◆ Task brief ◆
Among the lines of data below, reproduce only those from the one with "Persoa, Pobo, Paisaxe" through the one with "Tuto tr s simple", exactly as they stand, both ends included.

(Excerpts from a dataset)

+++++

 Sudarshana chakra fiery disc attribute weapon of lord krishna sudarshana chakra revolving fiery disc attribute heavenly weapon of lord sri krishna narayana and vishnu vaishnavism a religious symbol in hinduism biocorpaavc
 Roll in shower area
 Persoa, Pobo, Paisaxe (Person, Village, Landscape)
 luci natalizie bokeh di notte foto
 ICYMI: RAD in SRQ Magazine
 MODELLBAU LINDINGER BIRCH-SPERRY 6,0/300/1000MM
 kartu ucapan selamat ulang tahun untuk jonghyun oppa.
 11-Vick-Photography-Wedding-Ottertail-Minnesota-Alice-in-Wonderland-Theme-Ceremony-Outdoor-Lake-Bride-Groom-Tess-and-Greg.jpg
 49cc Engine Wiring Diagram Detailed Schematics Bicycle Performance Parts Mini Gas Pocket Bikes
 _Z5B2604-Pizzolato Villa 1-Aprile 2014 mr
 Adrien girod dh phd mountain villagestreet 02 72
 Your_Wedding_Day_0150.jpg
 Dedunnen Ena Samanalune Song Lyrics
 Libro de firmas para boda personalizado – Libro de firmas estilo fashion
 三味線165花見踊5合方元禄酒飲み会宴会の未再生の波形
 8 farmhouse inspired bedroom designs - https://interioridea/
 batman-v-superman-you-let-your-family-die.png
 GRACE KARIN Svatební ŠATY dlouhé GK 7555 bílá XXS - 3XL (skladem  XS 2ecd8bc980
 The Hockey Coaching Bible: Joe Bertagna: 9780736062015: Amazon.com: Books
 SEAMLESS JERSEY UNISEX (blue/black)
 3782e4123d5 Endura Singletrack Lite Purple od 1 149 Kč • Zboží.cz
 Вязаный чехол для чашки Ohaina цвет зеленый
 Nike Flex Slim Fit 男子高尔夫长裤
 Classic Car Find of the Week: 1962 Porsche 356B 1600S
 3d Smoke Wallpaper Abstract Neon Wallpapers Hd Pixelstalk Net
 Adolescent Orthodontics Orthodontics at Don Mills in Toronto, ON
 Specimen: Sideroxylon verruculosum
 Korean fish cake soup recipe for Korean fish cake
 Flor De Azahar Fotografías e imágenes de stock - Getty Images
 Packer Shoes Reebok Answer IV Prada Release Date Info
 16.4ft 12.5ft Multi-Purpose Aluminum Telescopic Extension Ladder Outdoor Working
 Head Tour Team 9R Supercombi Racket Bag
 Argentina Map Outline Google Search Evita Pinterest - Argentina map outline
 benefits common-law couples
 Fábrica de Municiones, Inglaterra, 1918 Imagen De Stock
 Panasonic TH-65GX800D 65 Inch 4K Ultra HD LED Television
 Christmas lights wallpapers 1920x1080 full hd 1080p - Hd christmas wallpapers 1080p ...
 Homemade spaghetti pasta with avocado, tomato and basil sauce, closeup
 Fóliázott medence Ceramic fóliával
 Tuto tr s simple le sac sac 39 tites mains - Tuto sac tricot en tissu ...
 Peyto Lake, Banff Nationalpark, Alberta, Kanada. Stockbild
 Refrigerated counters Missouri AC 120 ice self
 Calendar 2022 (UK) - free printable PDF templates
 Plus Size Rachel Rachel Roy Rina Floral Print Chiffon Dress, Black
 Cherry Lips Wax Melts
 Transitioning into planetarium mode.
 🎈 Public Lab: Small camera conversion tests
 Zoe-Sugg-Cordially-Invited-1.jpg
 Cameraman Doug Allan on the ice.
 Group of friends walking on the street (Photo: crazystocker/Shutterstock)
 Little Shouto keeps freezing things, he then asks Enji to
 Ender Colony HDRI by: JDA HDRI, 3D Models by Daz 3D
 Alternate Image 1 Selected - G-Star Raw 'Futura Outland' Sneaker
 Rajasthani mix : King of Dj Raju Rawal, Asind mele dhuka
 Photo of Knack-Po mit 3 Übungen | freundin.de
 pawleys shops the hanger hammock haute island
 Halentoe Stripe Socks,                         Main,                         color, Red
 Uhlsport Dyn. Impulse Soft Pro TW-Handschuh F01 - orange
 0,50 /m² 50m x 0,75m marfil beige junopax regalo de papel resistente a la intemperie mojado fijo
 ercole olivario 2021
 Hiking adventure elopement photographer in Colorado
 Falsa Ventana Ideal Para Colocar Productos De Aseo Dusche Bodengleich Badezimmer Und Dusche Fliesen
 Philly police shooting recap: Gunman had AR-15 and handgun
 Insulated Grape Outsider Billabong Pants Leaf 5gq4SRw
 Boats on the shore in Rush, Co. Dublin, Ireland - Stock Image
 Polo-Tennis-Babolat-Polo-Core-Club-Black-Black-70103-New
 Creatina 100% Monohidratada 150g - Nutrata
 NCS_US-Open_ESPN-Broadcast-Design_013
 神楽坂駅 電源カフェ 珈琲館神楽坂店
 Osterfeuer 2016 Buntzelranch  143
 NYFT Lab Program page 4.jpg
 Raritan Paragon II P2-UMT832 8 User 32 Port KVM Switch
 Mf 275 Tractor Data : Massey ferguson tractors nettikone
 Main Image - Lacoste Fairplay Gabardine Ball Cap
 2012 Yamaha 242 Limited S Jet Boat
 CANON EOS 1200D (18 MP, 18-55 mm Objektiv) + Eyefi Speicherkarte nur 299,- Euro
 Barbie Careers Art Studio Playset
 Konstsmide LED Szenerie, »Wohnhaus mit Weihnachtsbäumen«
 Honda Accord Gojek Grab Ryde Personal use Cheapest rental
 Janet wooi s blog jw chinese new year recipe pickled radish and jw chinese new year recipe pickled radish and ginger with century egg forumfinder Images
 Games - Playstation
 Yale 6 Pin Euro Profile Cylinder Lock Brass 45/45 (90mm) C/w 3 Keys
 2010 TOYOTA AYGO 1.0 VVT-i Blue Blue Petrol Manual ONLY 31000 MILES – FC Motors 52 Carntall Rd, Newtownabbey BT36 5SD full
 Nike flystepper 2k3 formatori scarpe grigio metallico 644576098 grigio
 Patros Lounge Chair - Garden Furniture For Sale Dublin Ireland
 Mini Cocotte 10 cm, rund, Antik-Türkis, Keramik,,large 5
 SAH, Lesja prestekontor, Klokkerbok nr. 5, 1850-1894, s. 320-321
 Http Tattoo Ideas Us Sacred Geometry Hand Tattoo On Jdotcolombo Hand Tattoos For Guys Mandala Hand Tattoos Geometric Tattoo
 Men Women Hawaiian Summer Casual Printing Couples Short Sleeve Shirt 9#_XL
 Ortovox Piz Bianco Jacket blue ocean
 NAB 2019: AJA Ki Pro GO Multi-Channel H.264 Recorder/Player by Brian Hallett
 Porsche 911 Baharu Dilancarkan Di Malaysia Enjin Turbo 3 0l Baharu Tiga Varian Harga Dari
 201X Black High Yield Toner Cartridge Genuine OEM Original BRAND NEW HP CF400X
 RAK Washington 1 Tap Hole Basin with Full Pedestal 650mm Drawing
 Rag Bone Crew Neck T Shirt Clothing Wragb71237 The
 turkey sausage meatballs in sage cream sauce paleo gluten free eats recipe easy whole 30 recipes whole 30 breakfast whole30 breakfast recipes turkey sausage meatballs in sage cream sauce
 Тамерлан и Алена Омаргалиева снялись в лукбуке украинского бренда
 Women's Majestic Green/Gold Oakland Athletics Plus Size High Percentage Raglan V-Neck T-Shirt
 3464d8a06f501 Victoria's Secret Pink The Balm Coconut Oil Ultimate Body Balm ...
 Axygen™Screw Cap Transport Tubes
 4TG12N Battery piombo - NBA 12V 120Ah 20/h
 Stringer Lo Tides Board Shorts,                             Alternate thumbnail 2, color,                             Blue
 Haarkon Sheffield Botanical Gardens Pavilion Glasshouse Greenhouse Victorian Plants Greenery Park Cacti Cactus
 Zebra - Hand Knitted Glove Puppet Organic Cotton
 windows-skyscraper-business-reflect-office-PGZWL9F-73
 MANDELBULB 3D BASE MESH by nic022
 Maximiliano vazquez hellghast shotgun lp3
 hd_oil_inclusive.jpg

+++++

◆ Response to the task ◆
 Persoa, Pobo, Paisaxe (Person, Village, Landscape)
 luci natalizie bokeh di notte foto
 ICYMI: RAD in SRQ Magazine
 MODELLBAU LINDINGER BIRCH-SPERRY 6,0/300/1000MM
 kartu ucapan selamat ulang tahun untuk jonghyun oppa.
 11-Vick-Photography-Wedding-Ottertail-Minnesota-Alice-in-Wonderland-Theme-Ceremony-Outdoor-Lake-Bride-Groom-Tess-and-Greg.jpg
 49cc Engine Wiring Diagram Detailed Schematics Bicycle Performance Parts Mini Gas Pocket Bikes
 _Z5B2604-Pizzolato Villa 1-Aprile 2014 mr
 Adrien girod dh phd mountain villagestreet 02 72
 Your_Wedding_Day_0150.jpg
 Dedunnen Ena Samanalune Song Lyrics
 Libro de firmas para boda personalizado – Libro de firmas estilo fashion
 三味線165花見踊5合方元禄酒飲み会宴会の未再生の波形
 8 farmhouse inspired bedroom designs - https://interioridea/
 batman-v-superman-you-let-your-family-die.png
 GRACE KARIN Svatební ŠATY dlouhé GK 7555 bílá XXS - 3XL (skladem  XS 2ecd8bc980
 The Hockey Coaching Bible: Joe Bertagna: 9780736062015: Amazon.com: Books
 SEAMLESS JERSEY UNISEX (blue/black)
 3782e4123d5 Endura Singletrack Lite Purple od 1 149 Kč • Zboží.cz
 Вязаный чехол для чашки Ohaina цвет зеленый
 Nike Flex Slim Fit 男子高尔夫长裤
 Classic Car Find of the Week: 1962 Porsche 356B 1600S
 3d Smoke Wallpaper Abstract Neon Wallpapers Hd Pixelstalk Net
 Adolescent Orthodontics Orthodontics at Don Mills in Toronto, ON
 Specimen: Sideroxylon verruculosum
 Korean fish cake soup recipe for Korean fish cake
 Flor De Azahar Fotografías e imágenes de stock - Getty Images
 Packer Shoes Reebok Answer IV Prada Release Date Info
 16.4ft 12.5ft Multi-Purpose Aluminum Telescopic Extension Ladder Outdoor Working
 Head Tour Team 9R Supercombi Racket Bag
 Argentina Map Outline Google Search Evita Pinterest - Argentina map outline
 benefits common-law couples
 Fábrica de Municiones, Inglaterra, 1918 Imagen De Stock
 Panasonic TH-65GX800D 65 Inch 4K Ultra HD LED Television
 Christmas lights wallpapers 1920x1080 full hd 1080p - Hd christmas wallpapers 1080p ...
 Homemade spaghetti pasta with avocado, tomato and basil sauce, closeup
 Fóliázott medence Ceramic fóliával
 Tuto tr s simple le sac sac 39 tites mains - Tuto sac tricot en tissu ...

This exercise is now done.